Thursday, 25 May 2017

Lady in the Water Movie Review

Lady in the Water (2006)
Rent Lady in the Water on Amazon Video
Written by: M. Night Shyamalan
Directed by: M. Night Shyamalan
Starring:  Paul Giamatti, Bryce Dallas Howard, Jeffrey Wright, Jared Harris
Rated: PG-13

My rating is simple, Watch It, It Depends, Skip it. Read my previous movie reviews!

Plot
Apartment building superintendent Cleveland Heep discovers a water nymph in his pool and enlists the residents to help her get back home.

Verdict
This tries to marry fantasy and drama with mixed results. The movie doesn't sell it. I can buy that for whatever contrived reason all the special people in the world live in this run down complex, but it seems silly that they all so quickly buy into what would appear to be the rantings of a mad man.
This has all the potential of a fun adventure, but it plays like a bed time story made up on the spot. That's what it is, but you'd think it would get refined from the bedroom to the screen.Skip it.

Review
This famously, or infamously, is based on a bedtime story Shyamalan would tell his children. A children's book released in conjunction with the movie. It does seem like a movie he made up on the spot. It's a rough script despite a good concept.

What's special about this rundown apartment building? We don't get that answer and that's okay. It does seem odd that these cosmically important outcasts all end up in the same spot, but this building is for those people.
The movie almost tries to hard to make the characters quirky.
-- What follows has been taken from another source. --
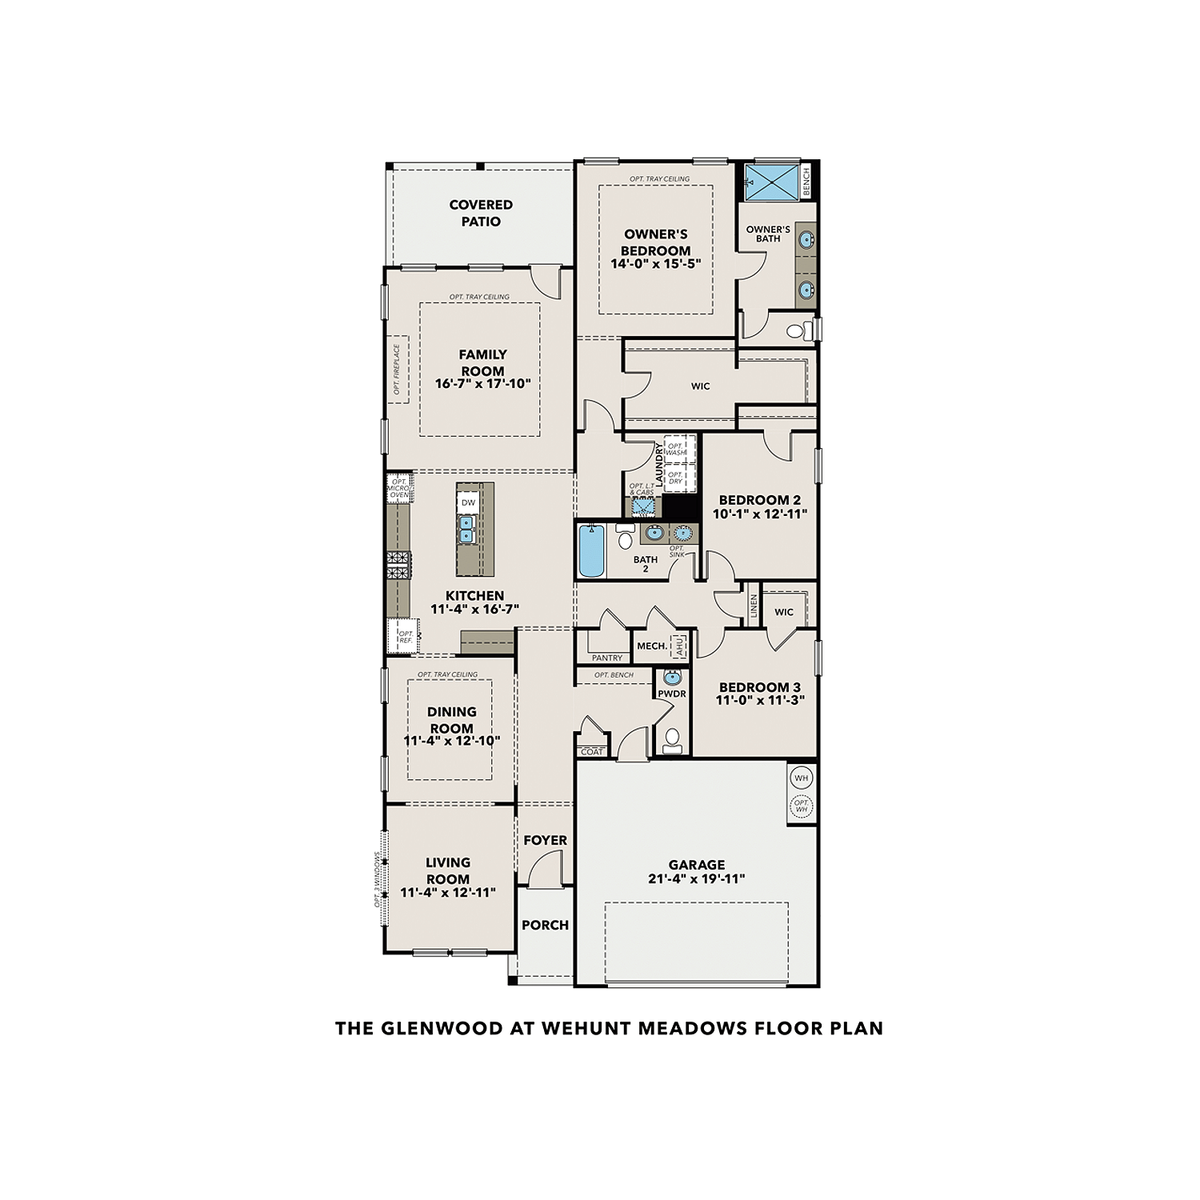 1 - The Glenwood A at Wehunt Meadows buildable floor plan layout in Davidson Homes' Wehunt Meadows community.

There's a guy that exercises only one side of his body just to be unique. Developing these characters and how they ended up here, would give them a bit more meaning. The movie focuses on the improbably fantasy instead of the characters. If the question weren't how to get this water nymph back home, but why here, why these people, it would give the movie more meaning.

I'm sure Shyamalan didn't want to do another twist, but this story is ripe for a 'was it real' reveal at the end. Maybe it was a shared fantasy among forlorn people.

The movie's gimmick centers around a magical portal that opened in the complex's pool. I can buy a magical portal, but it's depicted as some kind of tunnel. While I'm nitpicking, a magical portal works better. How does this tunnel not drain water from the pool? Where does the tunnel go?
The most baffling thing is that one of the tenants knows the story of this water nymph and everything syncs up. She's a mystical guide that makes this all the more far fetched. The movie just doesn't sell this concept well enough. There are too many missed or ignored details.

Everyone just buys the Giamatti's story about a water nymph. It's a huge jump that should generate a little push back. I'd rather the movie focus on Giamatti pushing the residents to believe his tall tale. It's not like these people have anything better to do. What makes them special could be that they could be described as 'losers,' but the movie doesn't do that.

It's a good concept that isn't developed far enough.